Specifically, the cost map is constructed as the sum of local target reward and obstacle penalty:

m＝λm_goal-m_obs (2)

wherein m is_obsLocal obstacle map being the probability of an obstacle, m_goalIs a binary target map, wherein, in the binary target map, the value of the pixel of the local target point is equal to 1, the others are 0, and lambda is a hyper-parameter related to the reward coefficient; and if the nearest effective target point on the reference path is positioned outside the 2d local cost map window, replacing the effective target point with a projection point from the effective target point to a map frame.

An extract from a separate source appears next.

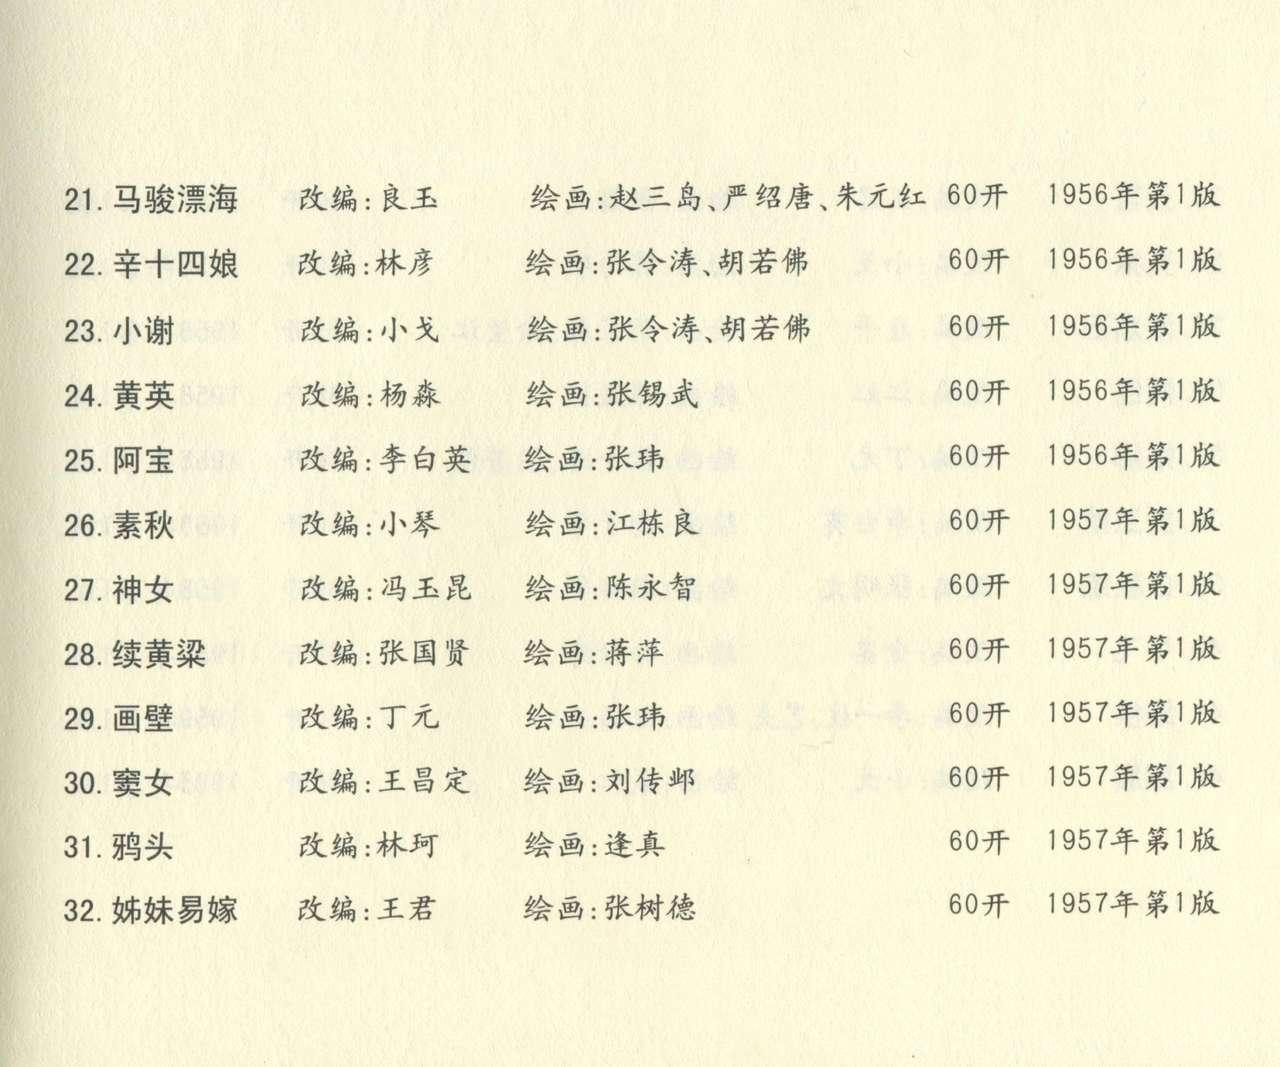 聊斋志异 张玮等绘 天津人民美术出版社 卷二十一 ~ 三十 679

It should be noted that the cost map can also be determined by other ways:

inputting a given 2d local cost map image and a given mobile robot speed into a preset neural network model, and obtaining a cost map through learning of the preset neural network model; wherein, the preset neural network model is a neural network model omitting convolution layers.

Note that the cost map can also be learned within the neural network by adding an additional convolutional layer in front of the network. However, in our empirical experiments we observed that the inference precision differed very little. Two possible reasons may be: the cost map calculated from equation (2) does represent the essence of the cost function of the demonstrator, and the cost function is finally learned and adapted to the cost map. In this work, we removed the convolutional layer of cost learning, aiming to reduce model redundancy.

Given a set of exemplary action instructions

wherein the content of the first and second substances,

C. Neural network model, representing f by using the neural network model_θ(m_i,u'_i)

wherein s and r correspond to the position and cost of the pixel in the cost map, respectively, and p (s', r/s, u) represents the transition probability; k represents the number of cycles; gamma represents an attenuation factor, and the value of gamma is 0-1; v. of_k+1(s) represents the value at position s obtained after k +1 iterations of the mobile robot; v. of_k(s') represents the velocity of the mobile robot at the kth cycle; representing the value of the mobile robot at the position s' after k iterations; u represents an action command executed by the mobile robot; s' represents the position of a pixel in the 2d local cost map after the mobile robot executes the action command u at the position s;

determining a high-level planning feature from the region of interest, such as a Q value in fig. 4, from the high-level planning features extracted by formula (4);

advanced planning features from the area of interest are fused with the speed of the mobile robot and the fused results are provided to a fully connected layer that can generate smooth continuous motion commands to mimic expected behavior and avoid obstacles in local motion planning.

Here, the region of interest is a partial region on the 2d local cost map.

Fig. 4 shows a schematic diagram of a locally planned deep neural network, in fig. 4, the parameters in the convolutional layer represent filter size, depth and stride. The parameters in the fully connected layers indicate the size of the output unit. In the experiment, the loop number K can be selected as 36, and how to select the loop number K is related to the size of the local cost map image.

D. Demonstrator based on optimization

Since the main goal of the proposed method is to learn the optimal strategy, the natural choice of the demonstrator is an optimization-based planner provided with a large amount of computational resources. In the present invention, we use a set of developed local planners as demonstrator, which tries to minimize the cost at each sampling time, specifically, the demonstrator determines the motion command for the mobile robot according to the formulas (5a), (5b), (5c), wherein the formulas (5b) and (5c) are constraint conditions;

x_k+1＝h(x_k,u),k＝0,...,N-1 (5b)

is the maximum probability of obstruction, w, of access being allowed₁，w₂，w₃Is a cost weight parameter. To simplify the calculation, the control action is assumed to be unchanged within the prediction range.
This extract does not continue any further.